# Clear coat hazing



## shockz (May 23, 2015)

We purchased a 2nd Gen 2016 last year, have driven 12200 miles on it. I've started to notice that the clear coat is hazed/foggy on the trunk and a portion of my fender and hood. It appears as though it may be starting to chip, although no paint/clear coat is chipping as of yet, the haze however is extremely noticeable. We have the black color option. Each hazed area is about the size of a palm/hand print.

I am hesitant on applying any compound, cleaner or wax on it without dealer guidance. When we purchased the car, they applied a protectant called Polyseal. 

Has anyone had any hazing issues with their gen 2 yet? 

Taking the car in tomorrow and getting a loaner while they review it, wanted to be more educated on the subject however before bringing it in.

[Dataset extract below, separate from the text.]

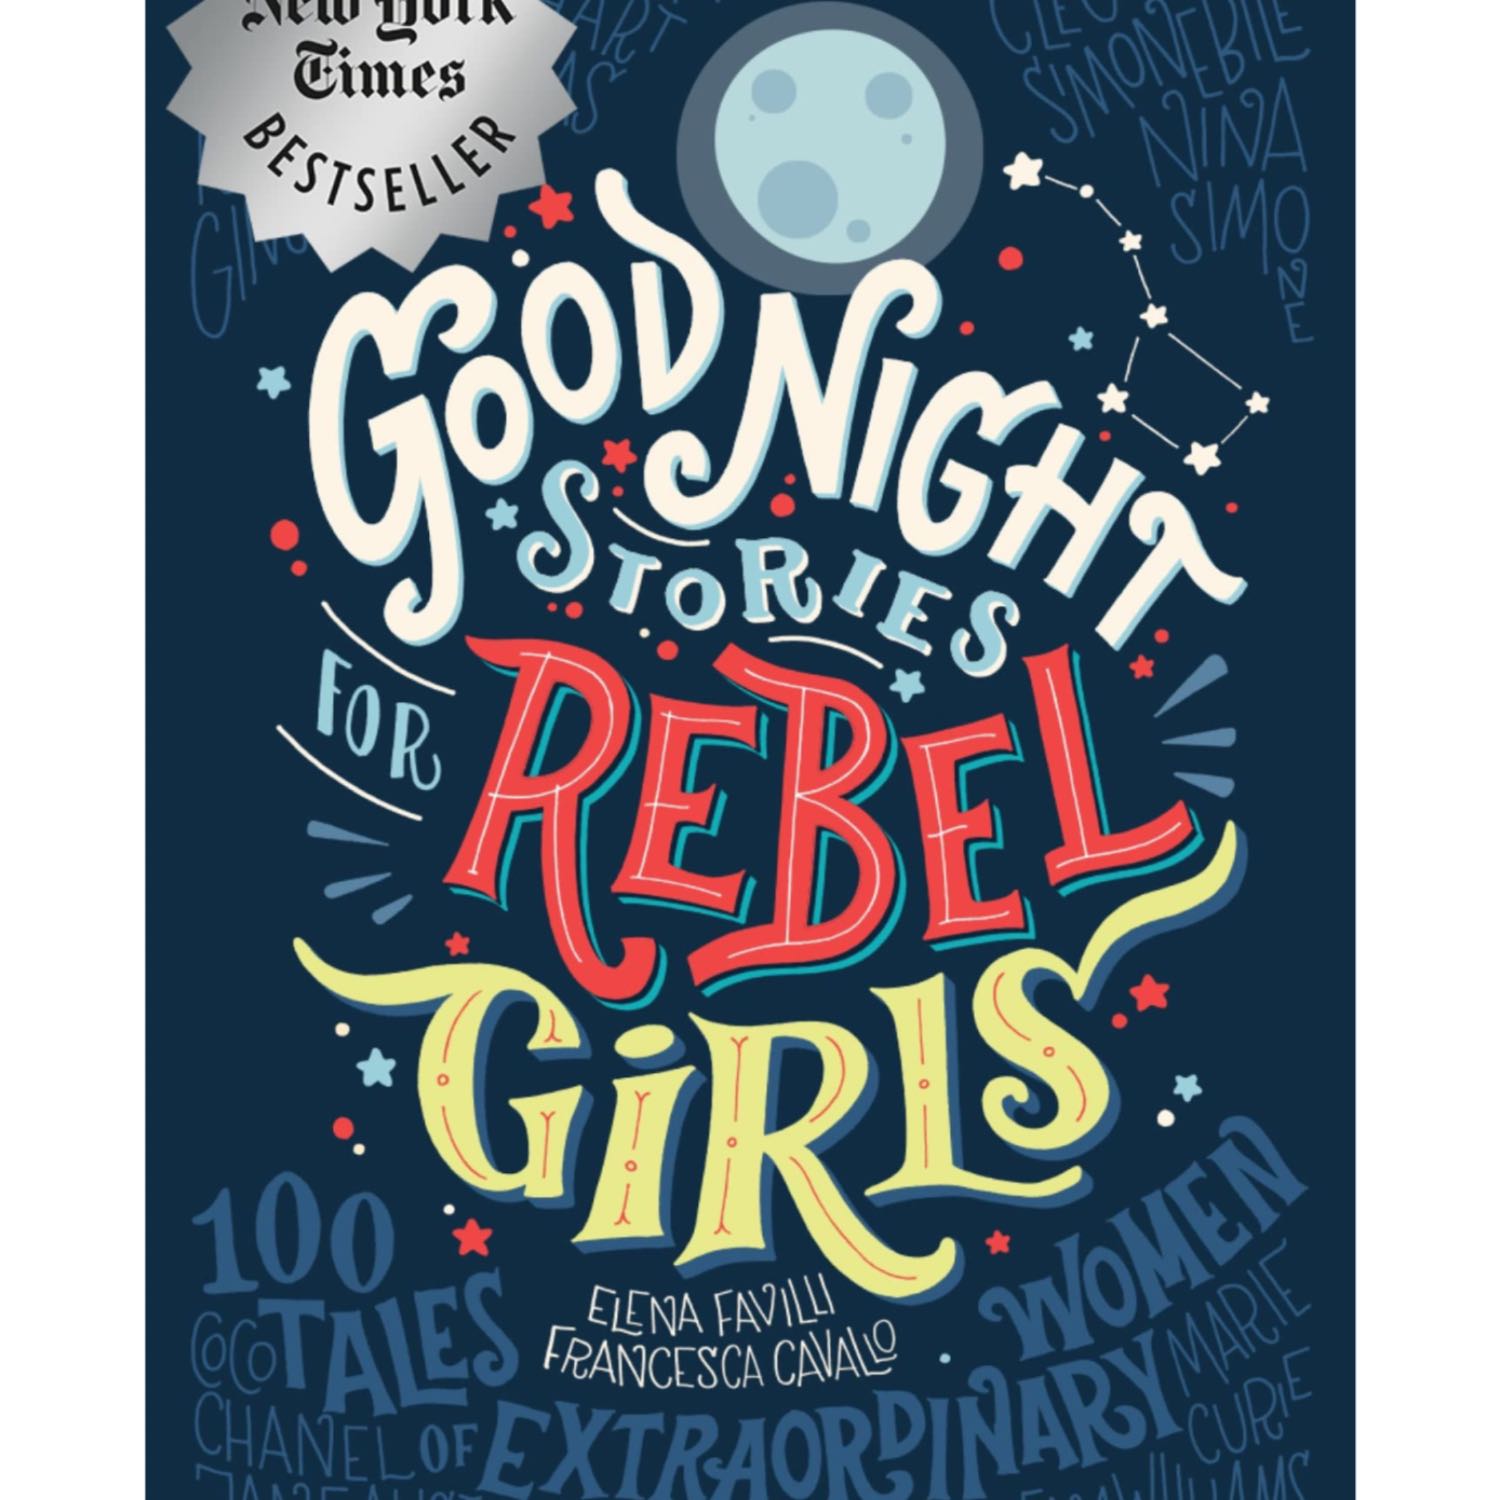 Goodnight Stories for Rebel Girls: Misty Copeland

Car is taken to dealer car wash every month.


----------



## jblackburn (Apr 14, 2012)

Mine's a 4/2016 build date in blue, but nope.


----------



## Tomko (Jun 1, 2013)

I have a spot like this on my Impala SS. It too is black and the spot arose when I applied a product from Meguiars. I applied it to the entire front fender but the discolouration only occurred in two silver-dollar sized areas. I called Meguiars at the time but they were unfamiliar with it and wanted photographs. It was a time before any kind of serious digital photography so I just got on with life. That happened 20 years ago and it never went away. 

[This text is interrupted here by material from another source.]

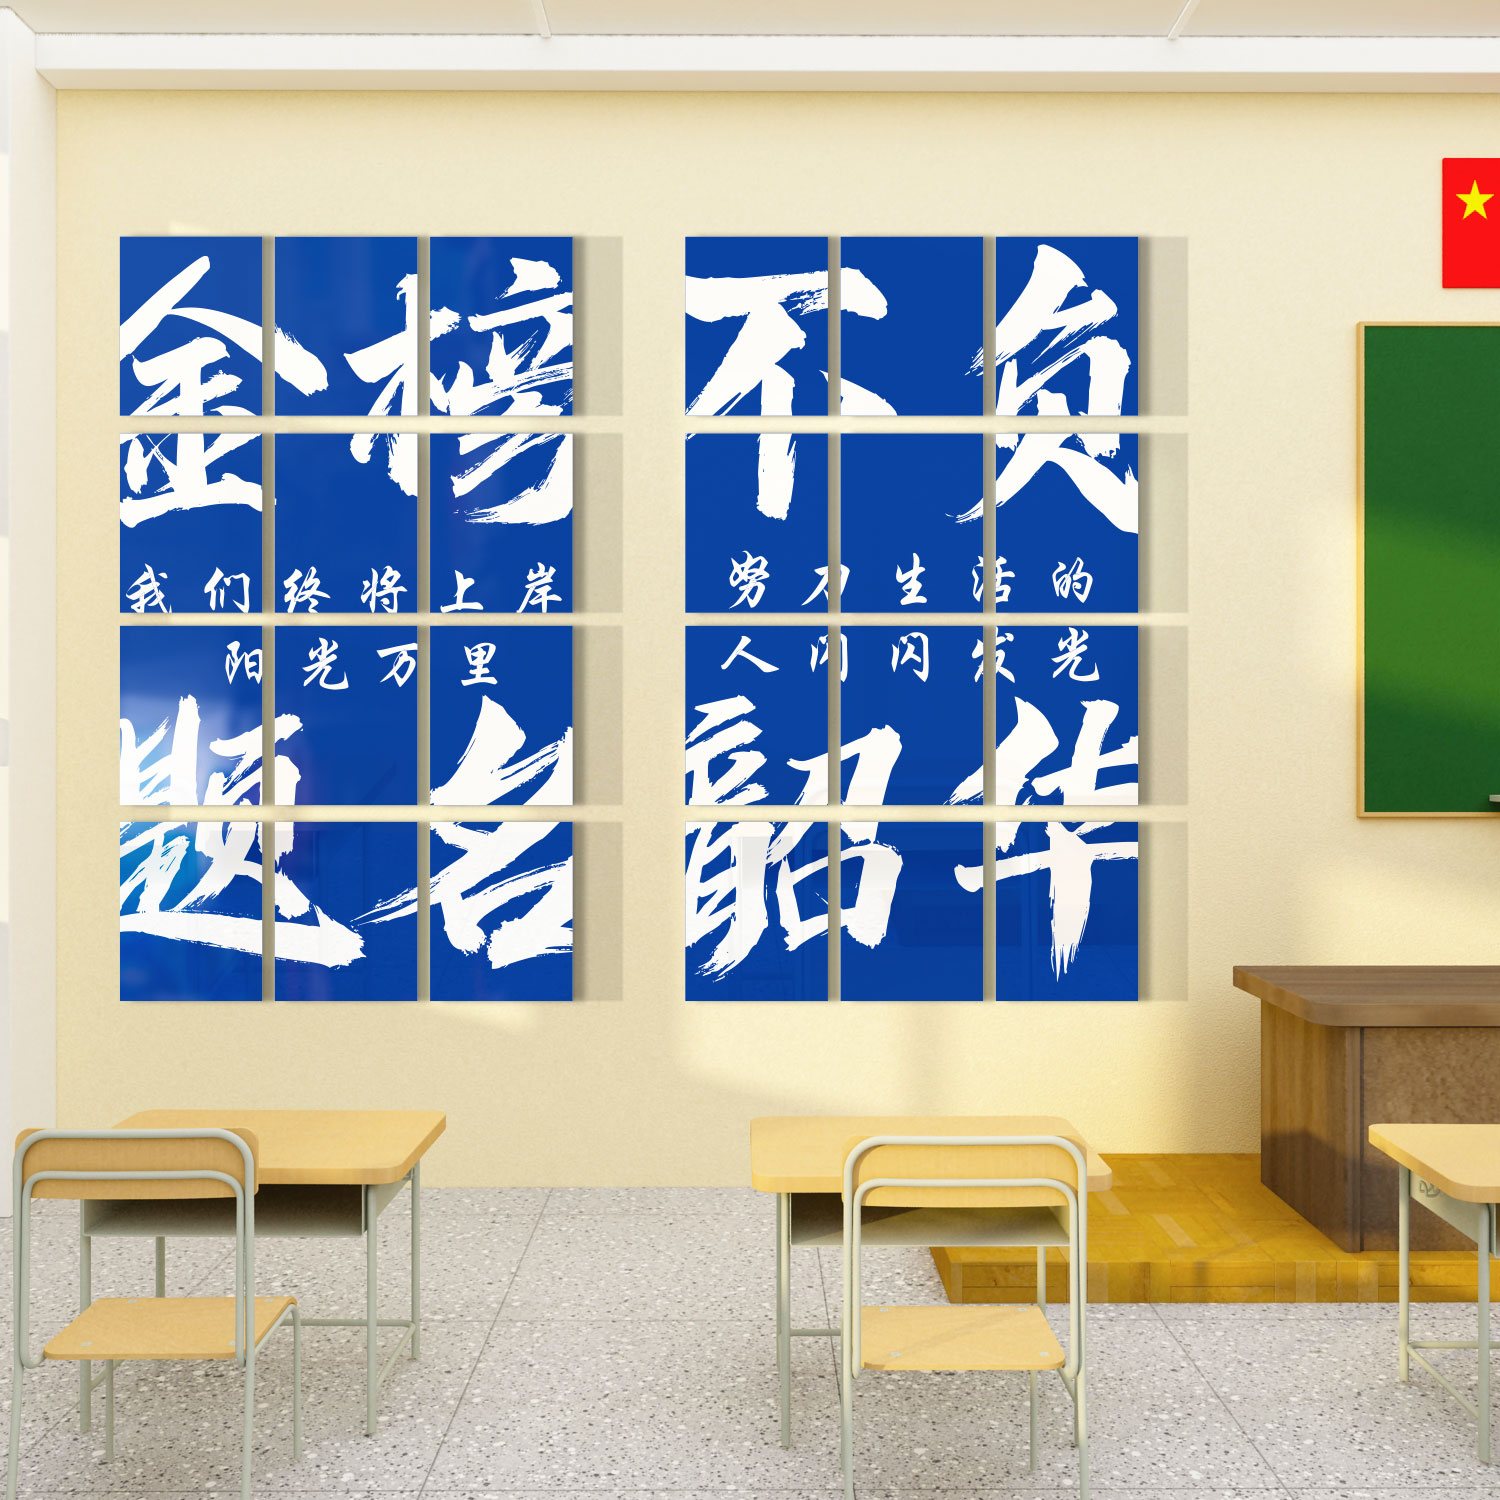 开学教室装饰布置墙面装饰布置

If you're concerned about paint chips - and you should be with a black car - you should have already invested the money in paint protection film. Worth its weight in gold.


----------



## GMFanatic (Jan 5, 2016)

That appears to be either oxidation or mineral deposits left by hard water. That factory paint can be polished HARD 4 or 5 times with a DA polisher before you would ever have any issues. My suggestion is to purchase either Griots One-Step Sealant and polish that area. The "sealants" dealers apply are usually junk. If you want to get serious about correcting that paint, look into Griots 6'' DA polisher. It is clutched and is nearly impossible to screw up, even in a beginners hand. If you're not confident in doing this, take it to a professional detailer; like myself. That clearcoat is hard and is really thick; you'll never harm it with a cleaner wax or cleaner sealant.


----------



## SilverCruzer (Nov 30, 2010)

About that time (in the early 90's) cars from several MFG's were experiencing "delamination". The clear coat was basically crystallizing then flaking off leaving no gloss. Had something to do with the way they applied coatings back then that resulted in defects.


----------